Where the listing shows an image, skip it and output all other material unchanged.

** Opening Information supplied block **

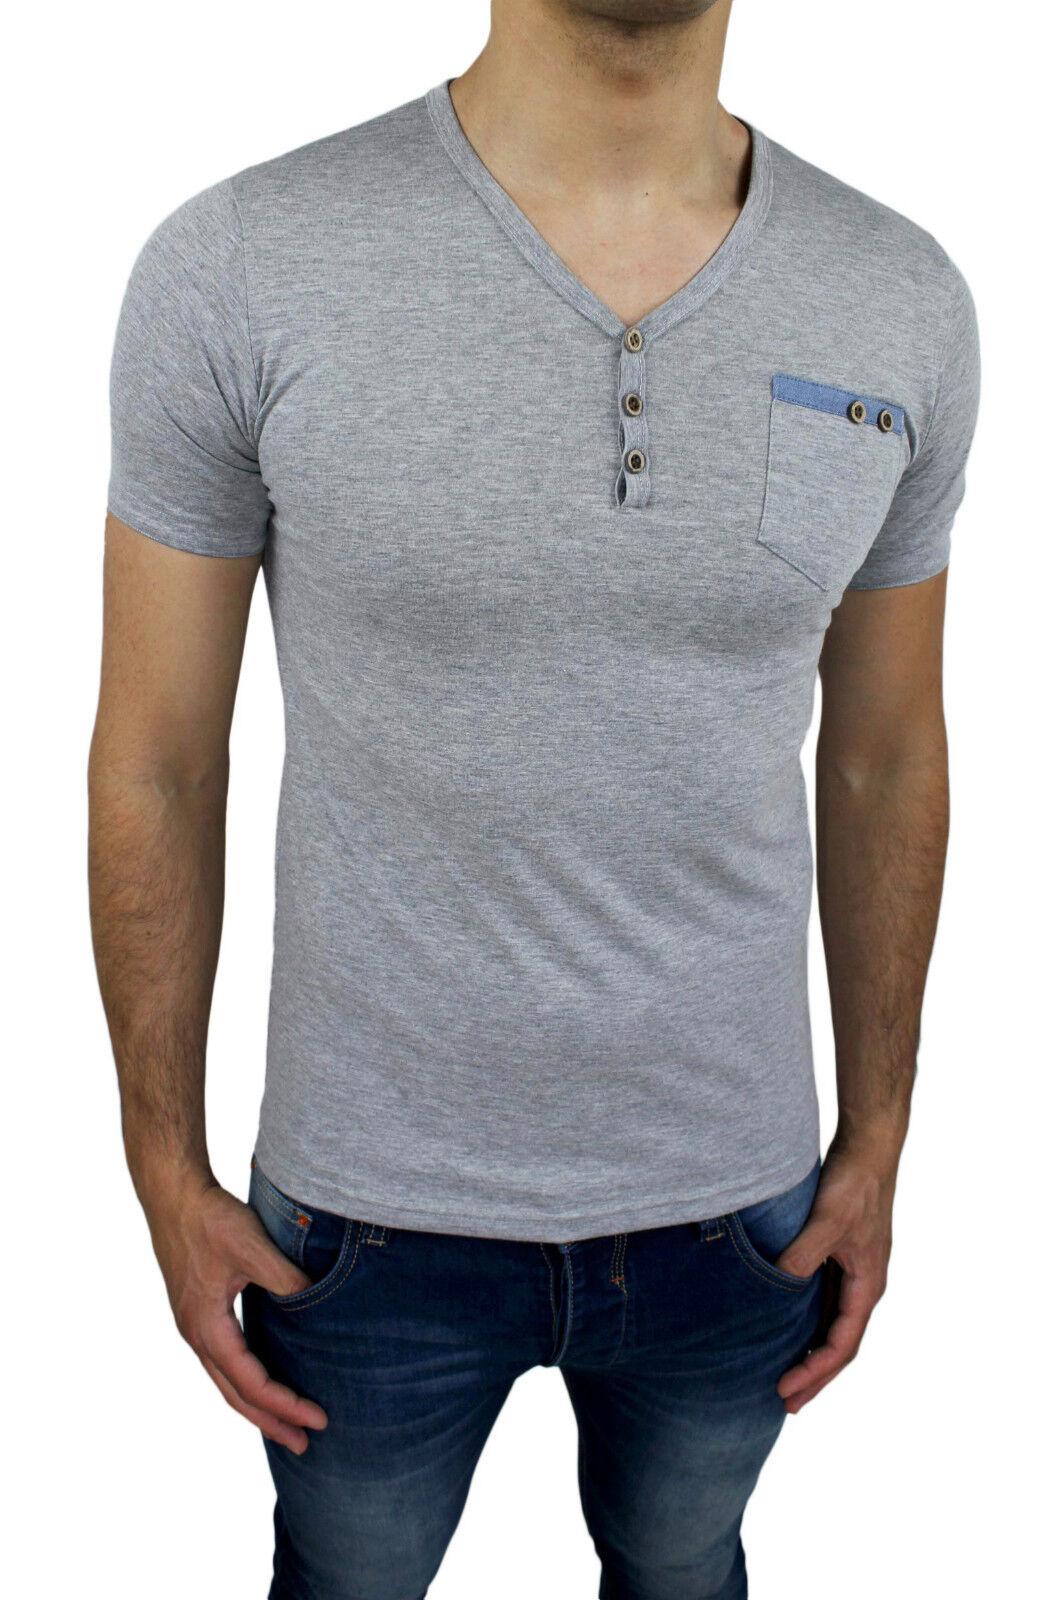 T Bottoni Grigio Maglia Slim Tg Fit Uomo Chiaro Casual Shirt Con F1JTKlc
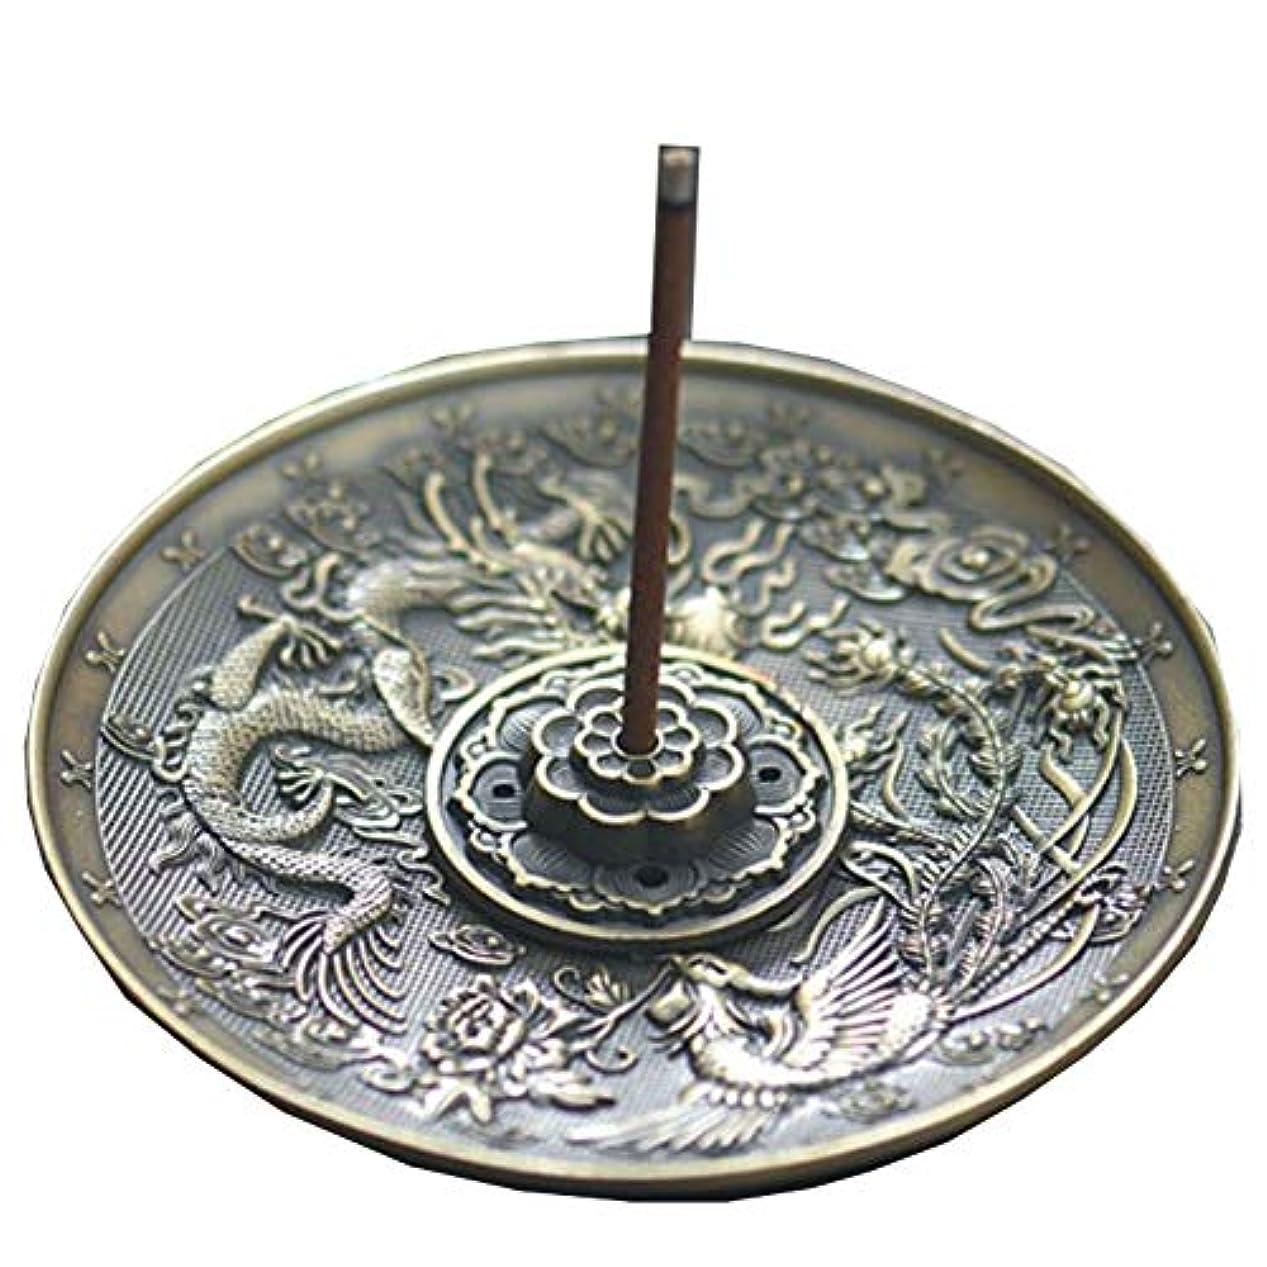 警察署命題恥ずかしさ[RADISSY] お香立て 香炉 香皿 スティック 円錐 タイプ お香 スタンド 龍のデザイン (青銅色5穴)
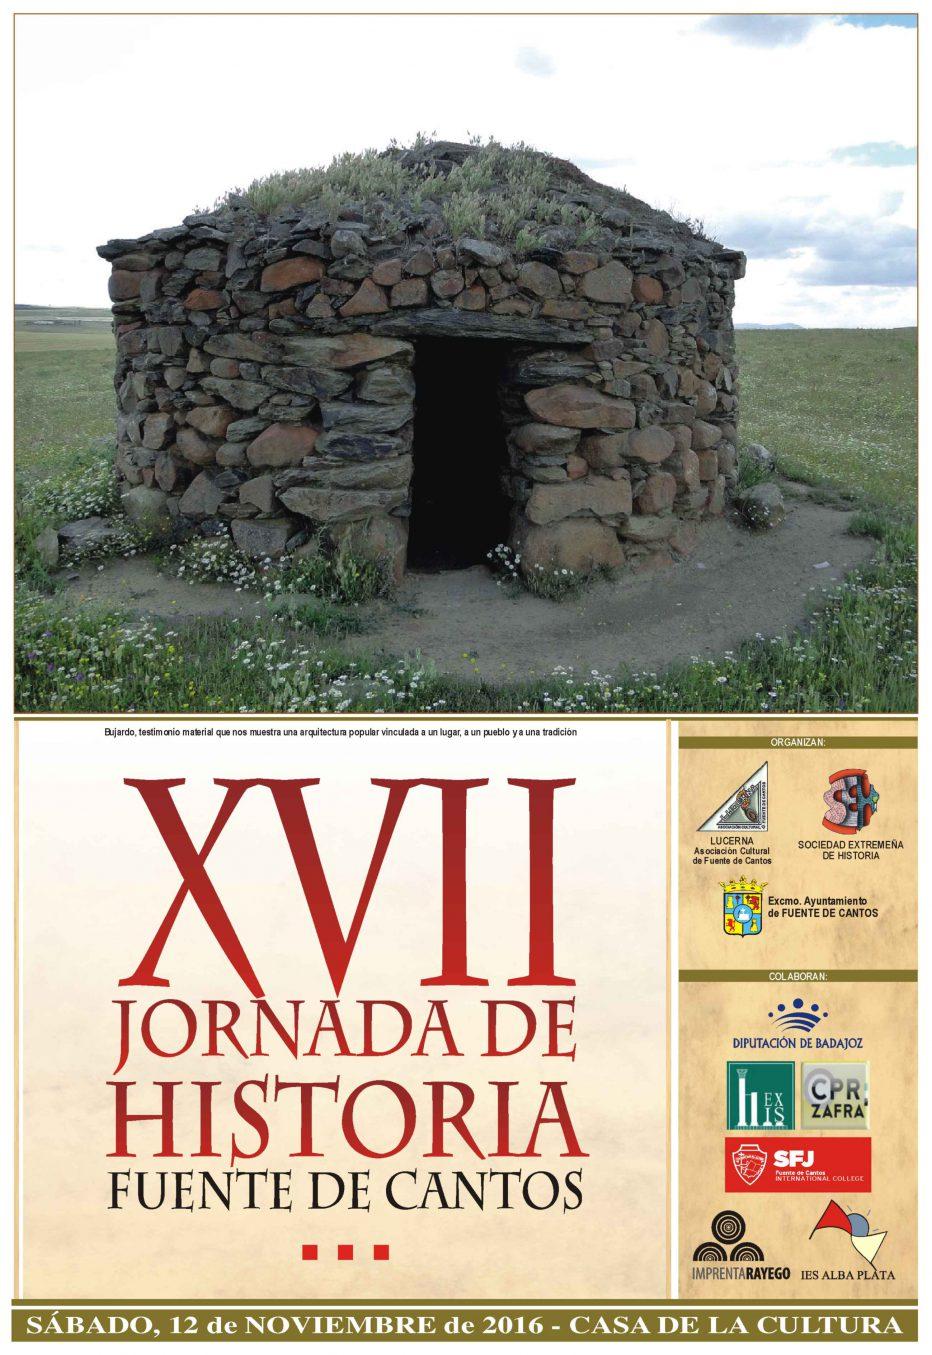 XVII Jornada de Historia en Fuente de Cantos

** Closing Information supplied block **

Response to the exercise:
 T Bottoni Grigio Maglia Slim Tg Fit Uomo Chiaro Casual Shirt Con F1JTKlc
 警察署命題恥ずかしさ[RADISSY] お香立て 香炉 香皿 スティック 円錐 タイプ お香 スタンド 龍のデザイン (青銅色5穴)
 XVII Jornada de Historia en Fuente de Cantos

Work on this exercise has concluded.